Since the words ‘gender critical’ has been detached from the original term ‘gender critical feminist’ and repurposed by those who seem to want to use it to wedge in groups of people who aren’t critical of gender but who agree that sex is immutable, the words have lost meaning and purpose.
That's really astute @Helleofabore and catches what I've been feeling for a while.
As a dyed-in-the-wool 2nd wave feminist. I've always been "gender critical". For me (and millions like me from the women's lib movement/2nd wave) it's fundamental to feminism - a critique of sex-based stereotypes.

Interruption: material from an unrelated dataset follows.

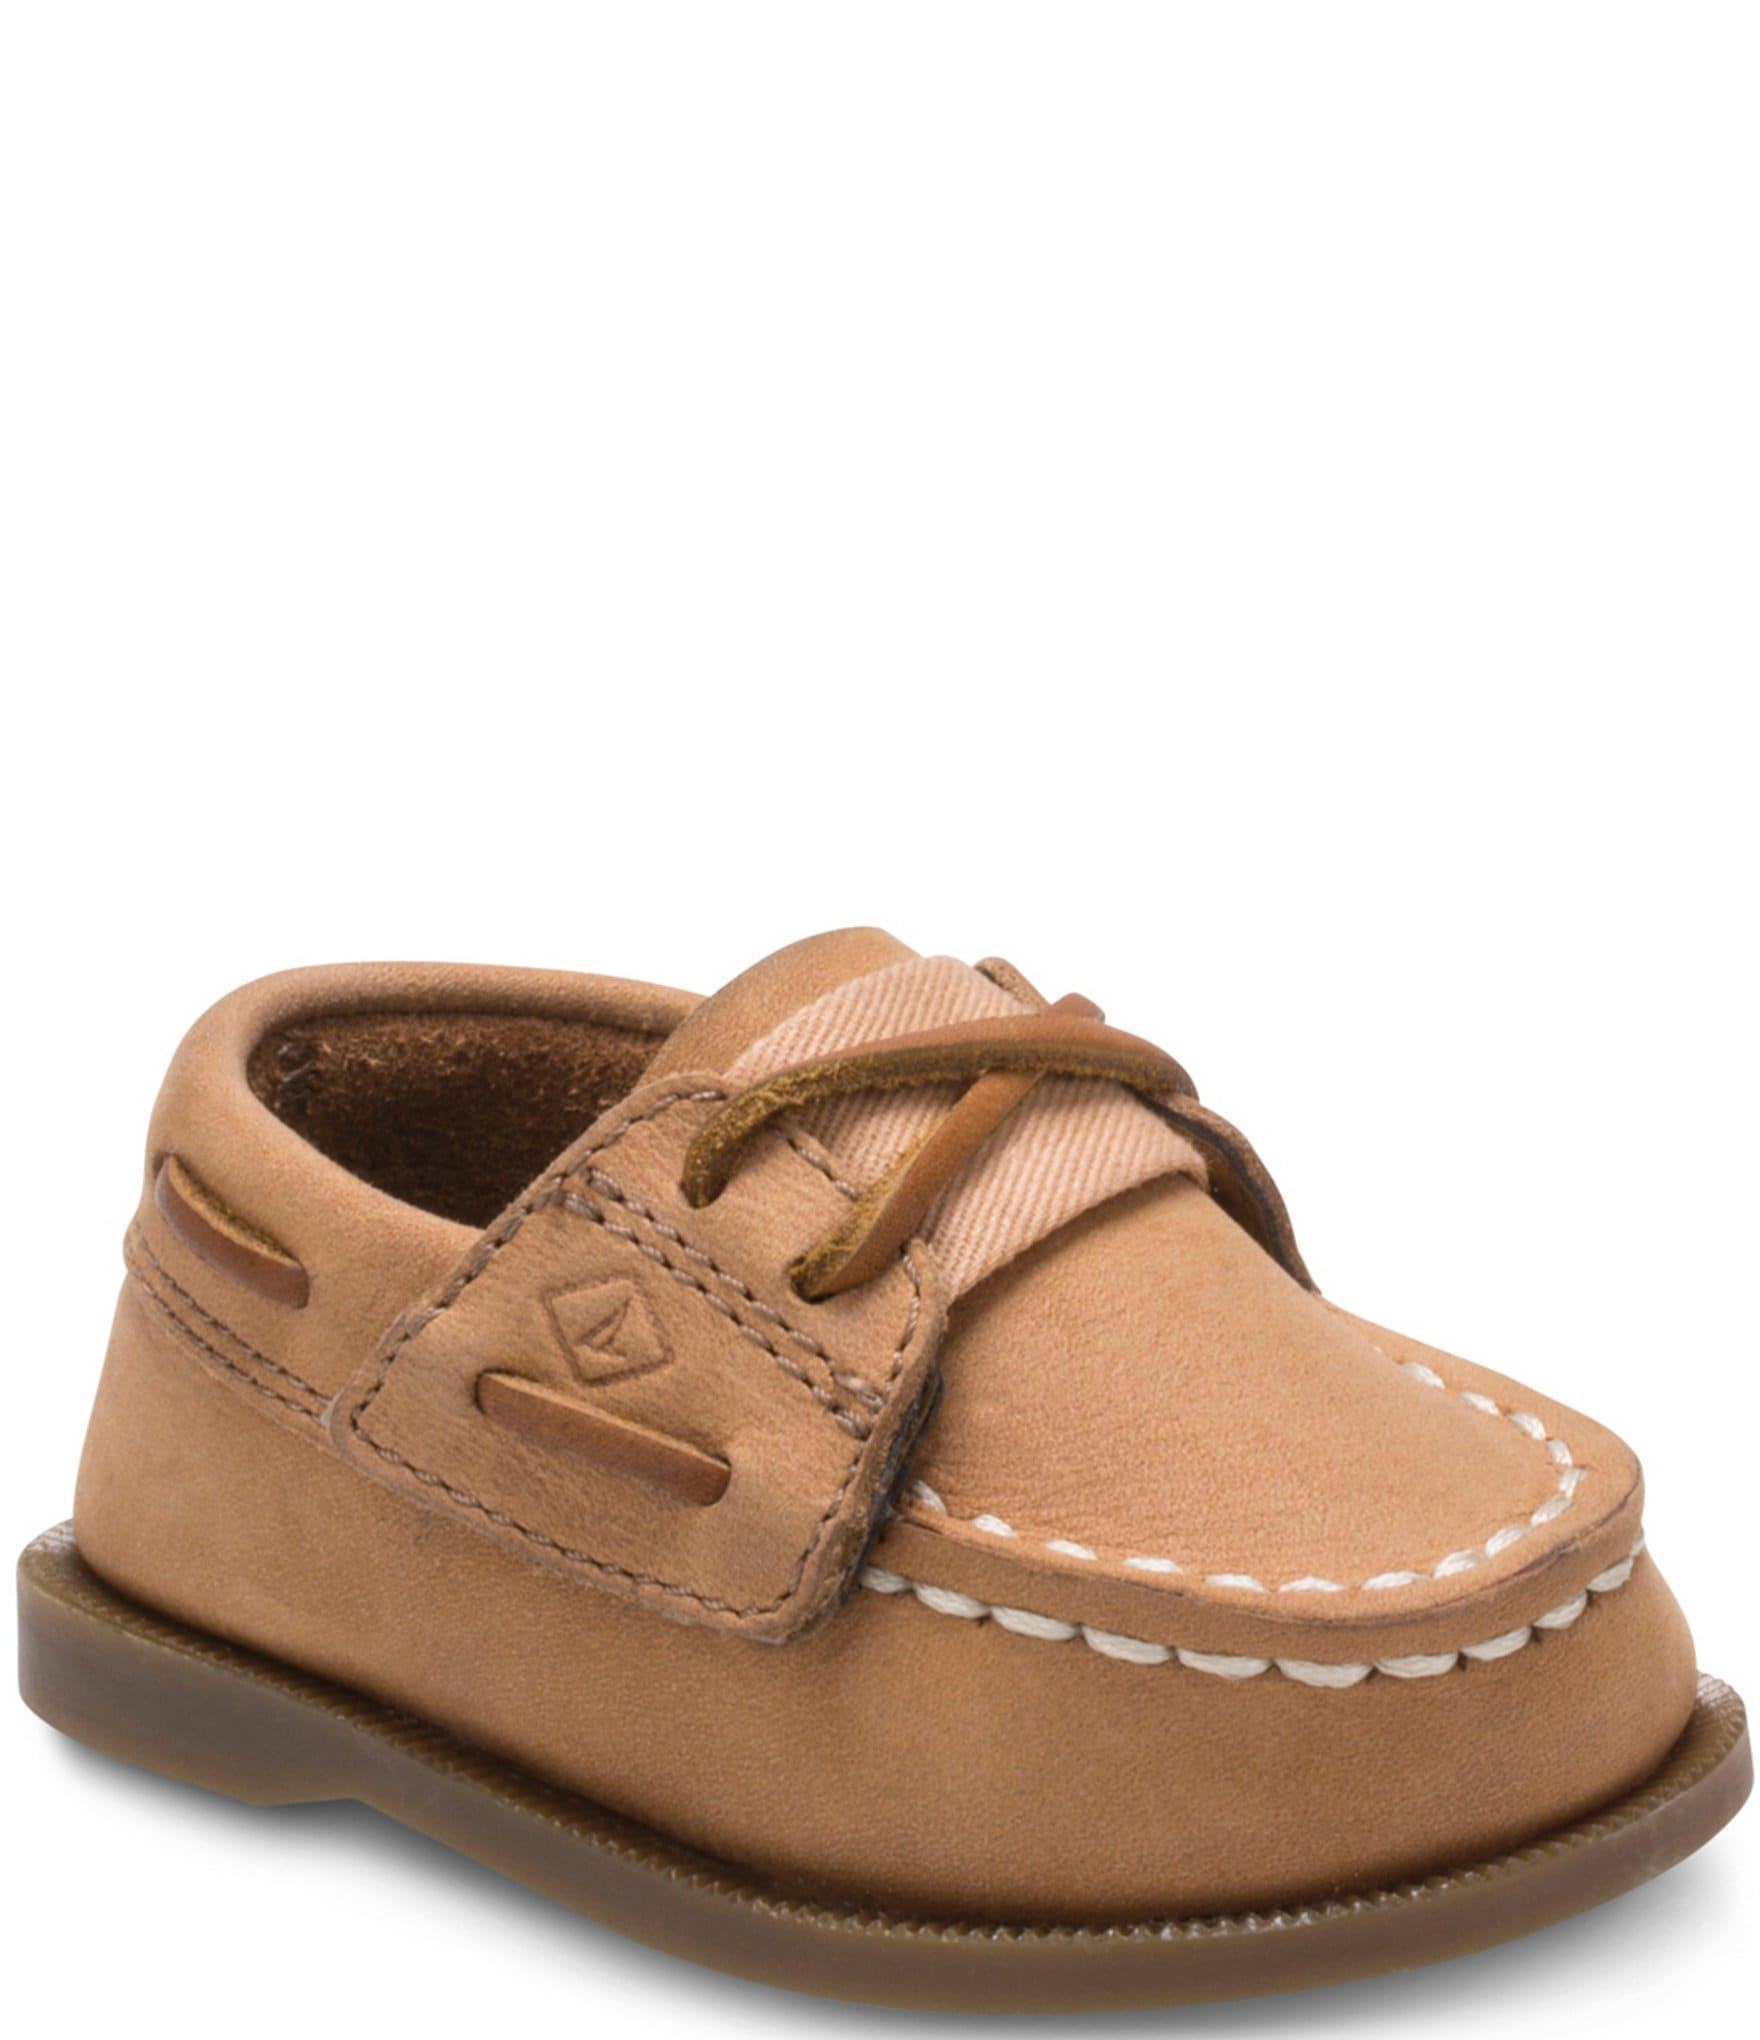 Sperry Baby Boys' Shoes   Dillard's
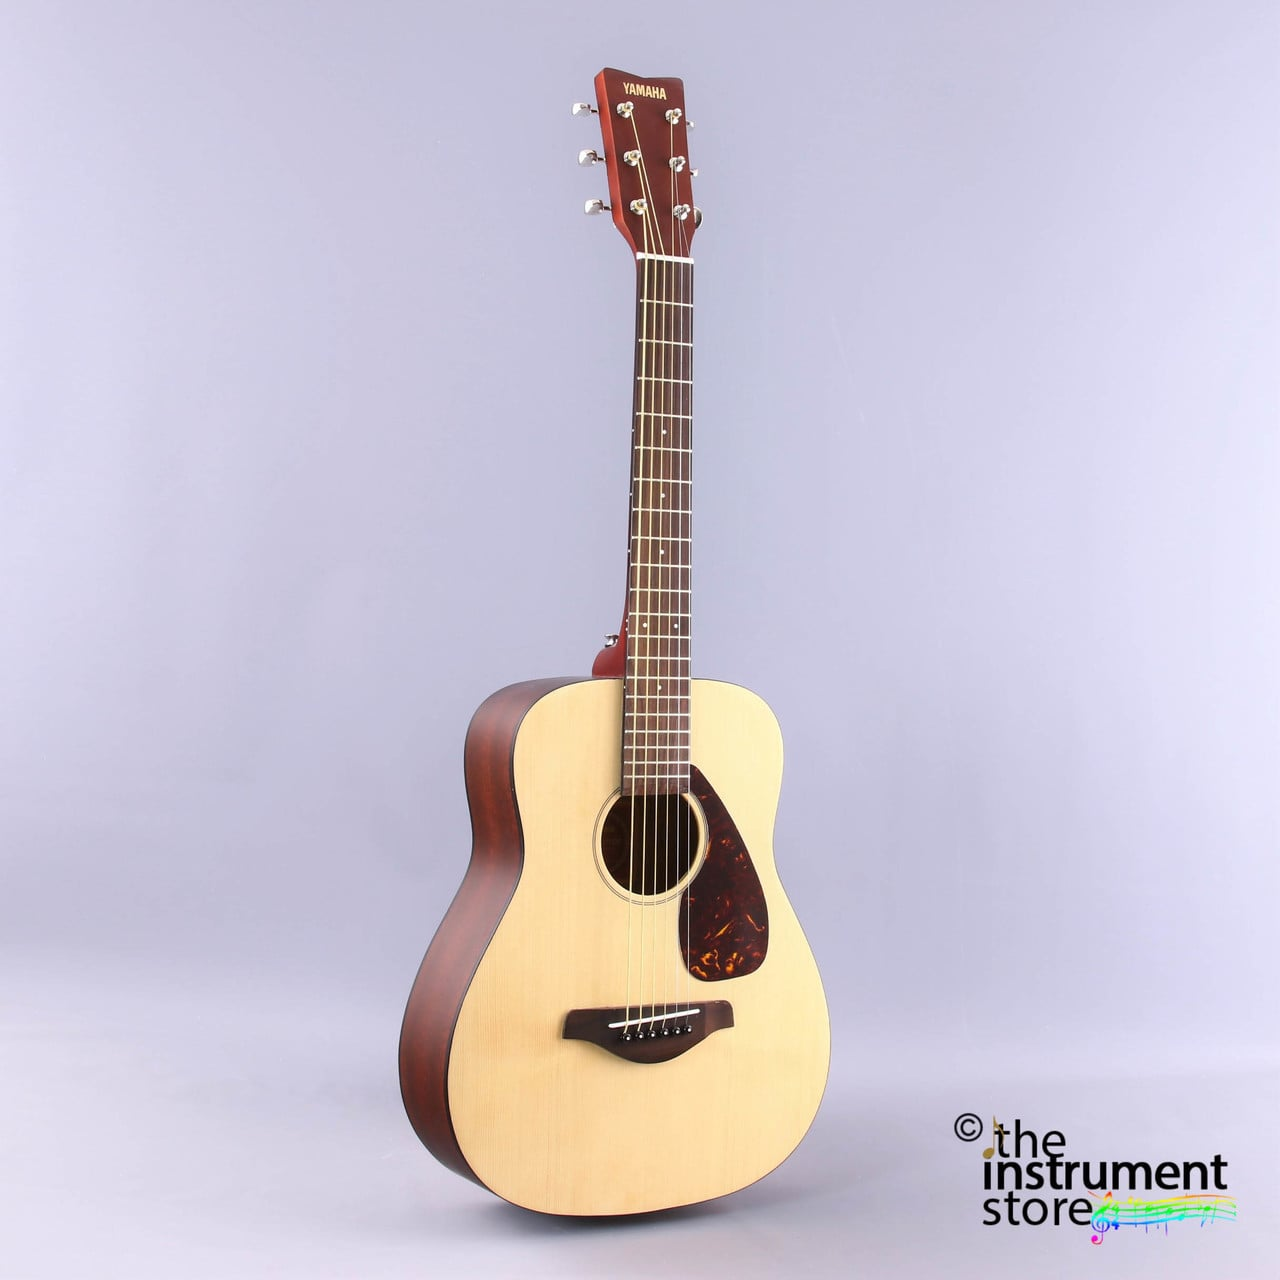 Yamaha jr2 3 4 size acoustic guitar with gig bag reverb for Yamaha jr2 3 4

And contrary to some of the twisting of my words upthread, the main attack on extremist gender ideology and transactivism has come from 2nd wave feminists - women around my age and older. Journalists such as Julie Bindel & Suzanne Moore were noting the emerging TWAW discourse in the late 90s/early 2000s. And of course, there's Janice Raymond's Transsexual Empire back in the 1970s, and staunch feminists such as Sheila Jeffreys speaking & writing about this for the last 30-40 years. Germaine Greer was public about this in the fight to try to stop a transsexual man from joining her all women college in the late 1990s/early 200s.
For me, the gap - when women didn't notice what was happening - was in the period of "liberal feminism" - when the undergrads I was teaching at the time tried to tell me that they "didn't need feminism" or "were not feminists" because "women are equal now."
I told them to come back in 20 years after a few maternity leaves, and the young men they'd studied with & started work with had zoomed ahead in promotions & salary ...
We took our eye off the ball, but it wasn't the 2nd wavers. And it's the 2nd wavers now who are leading the move to fix things.